EXERCISE AIM.
Copy the following data exactly and drop the pictures.

INFORMATION PROVIDED.
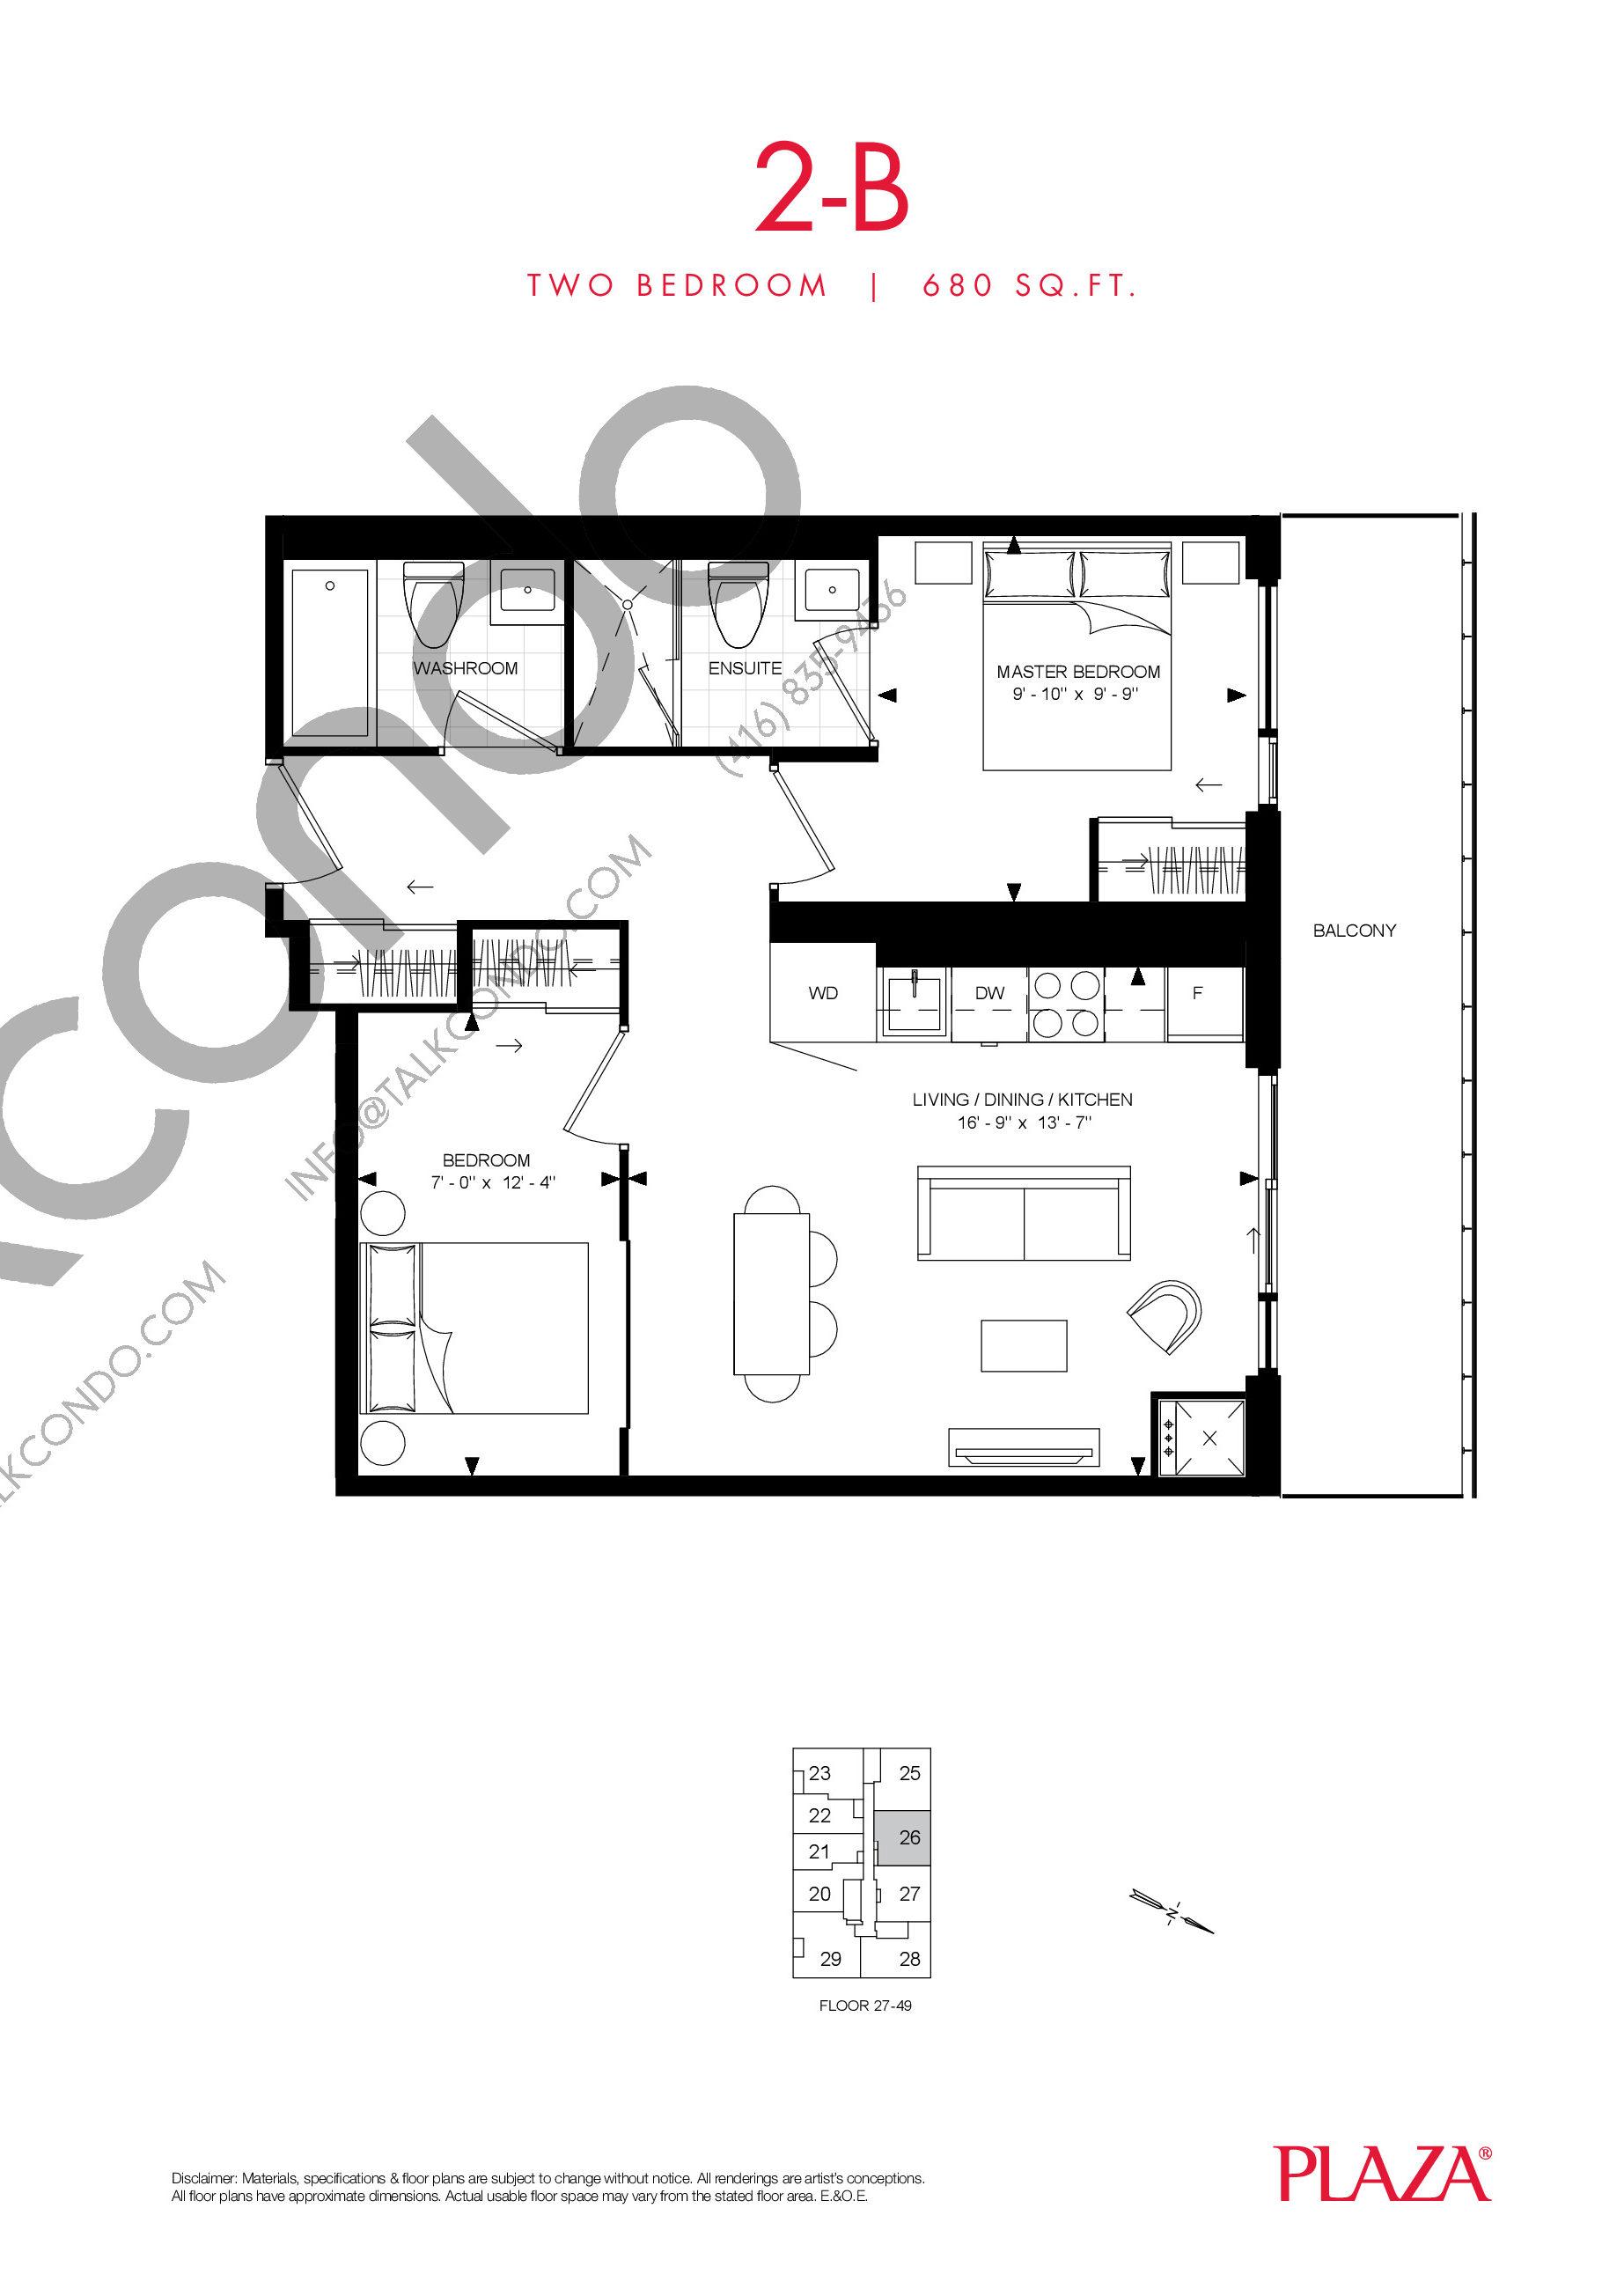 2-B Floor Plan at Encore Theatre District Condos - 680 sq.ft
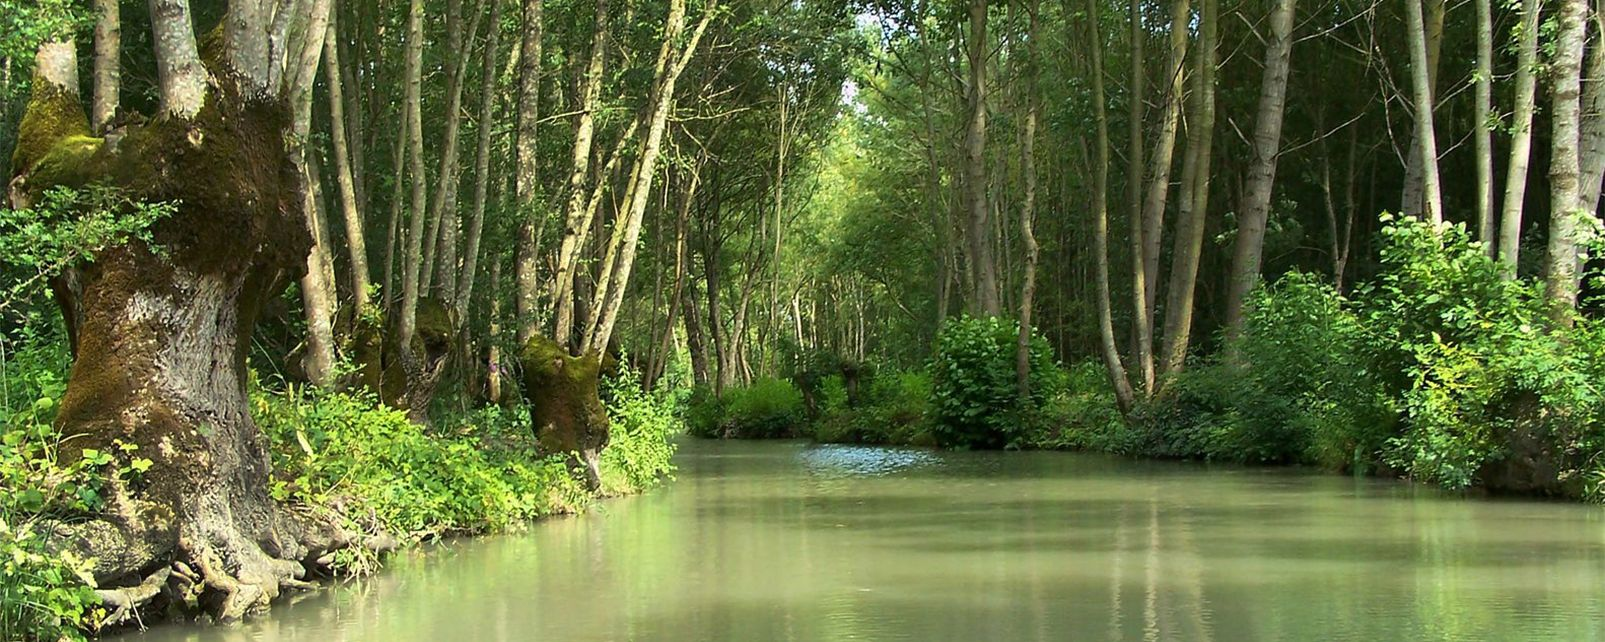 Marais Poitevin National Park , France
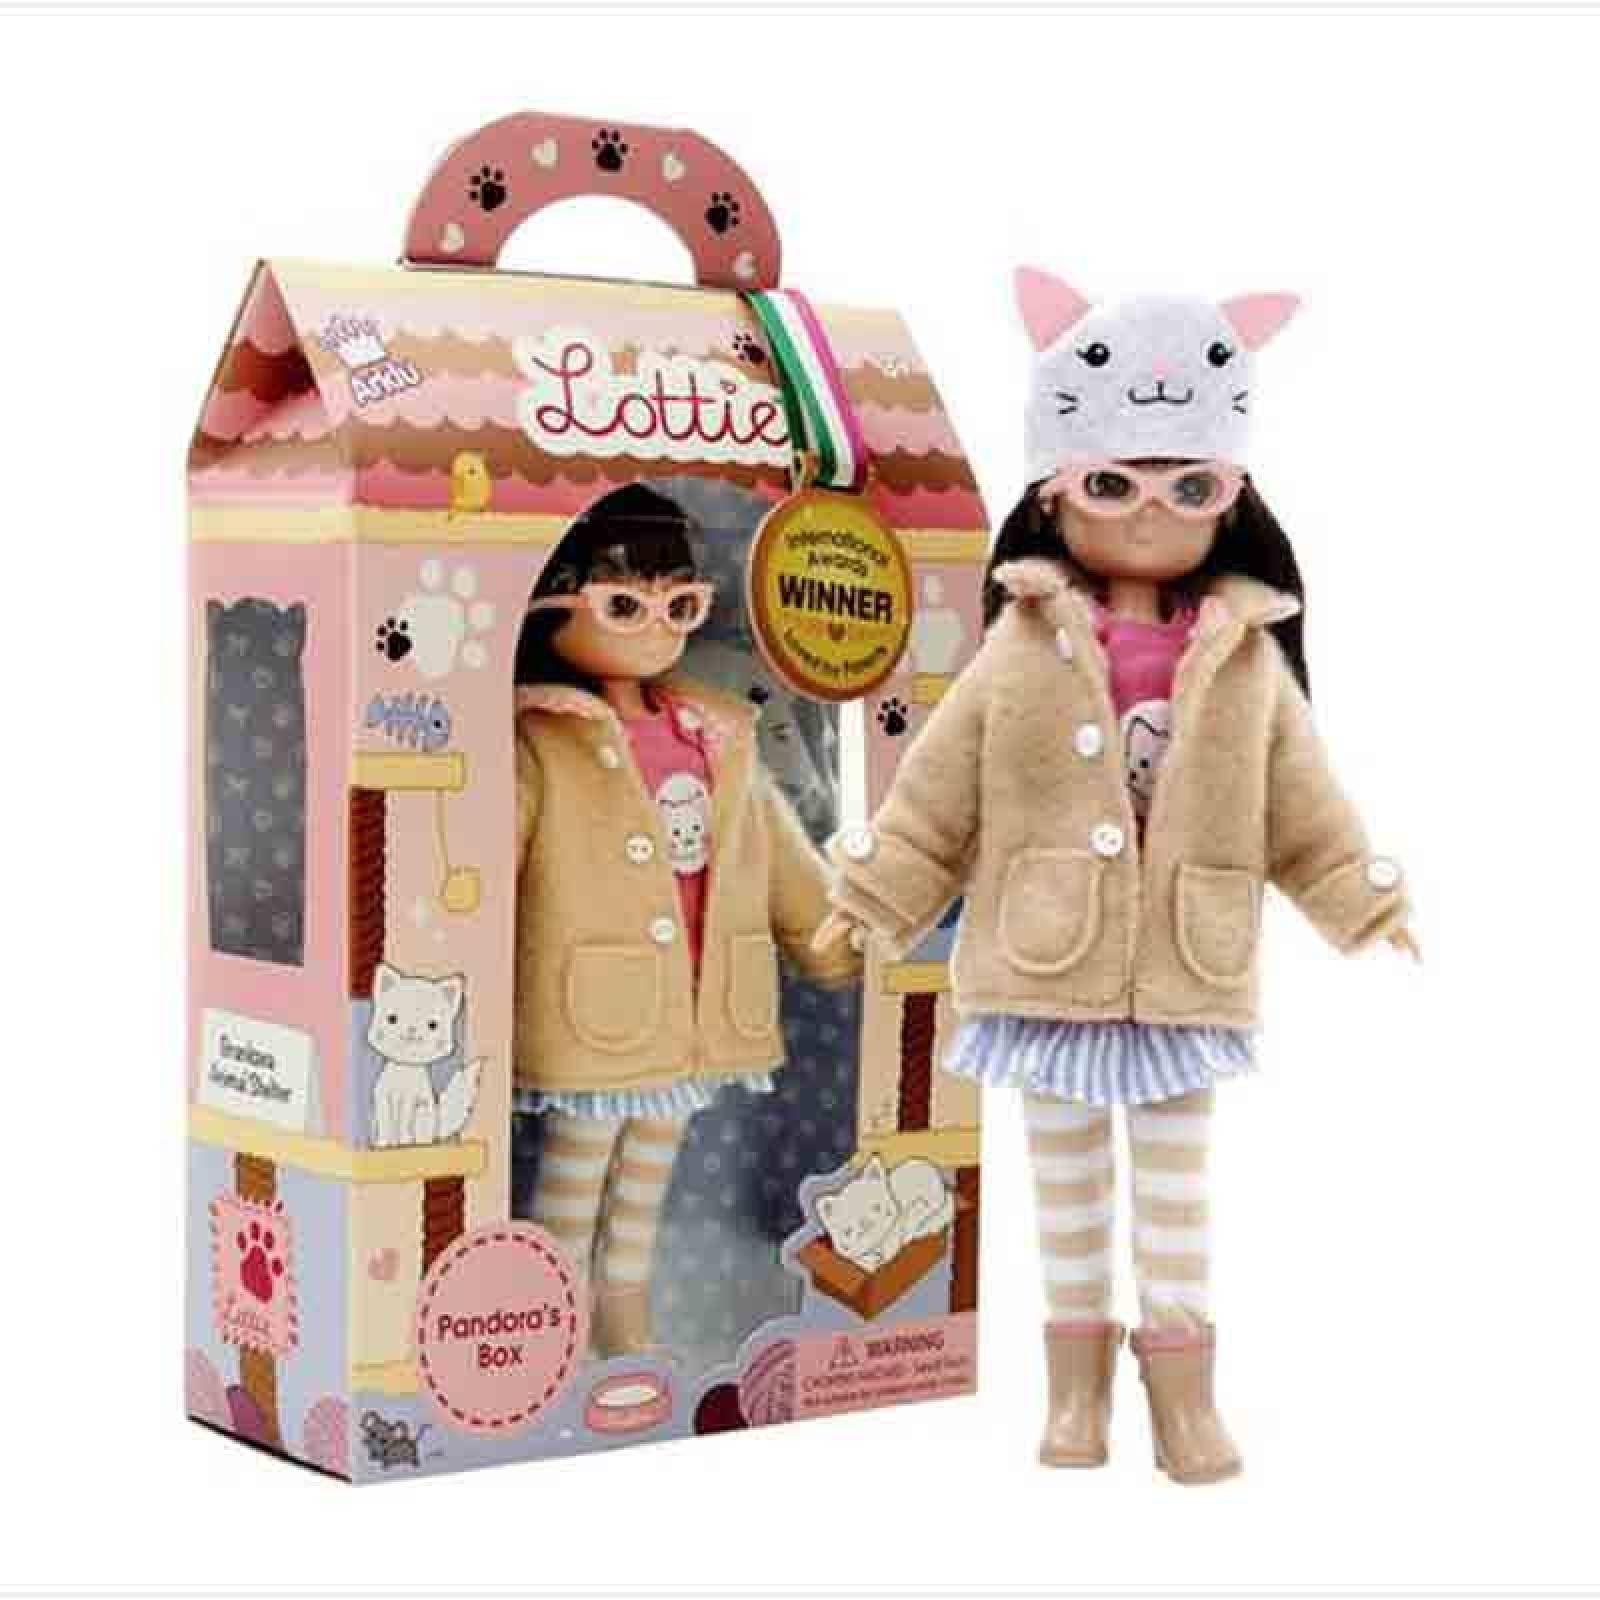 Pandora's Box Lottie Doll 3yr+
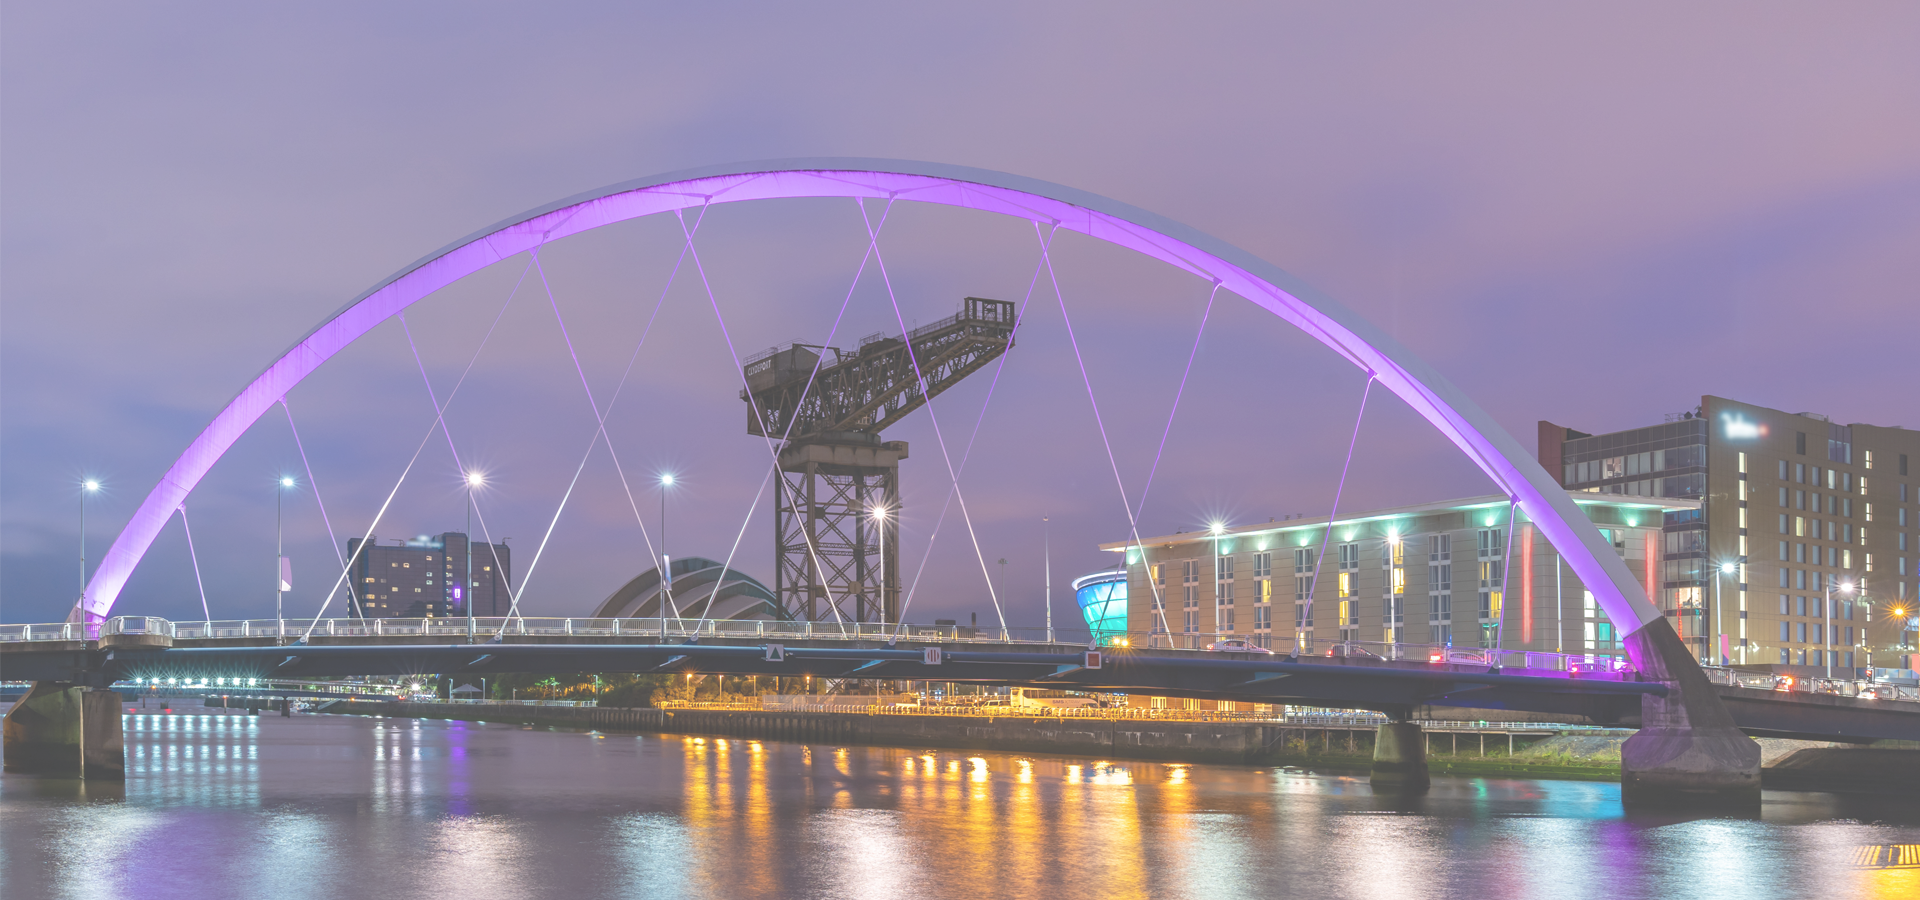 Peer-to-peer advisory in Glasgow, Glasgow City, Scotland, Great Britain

WRITTEN SOLUTION.
 2-B Floor Plan at Encore Theatre District Condos - 680 sq.ft
 Marais Poitevin National Park , France
 Pandora's Box Lottie Doll 3yr+
 Peer-to-peer advisory in Glasgow, Glasgow City, Scotland, Great Britain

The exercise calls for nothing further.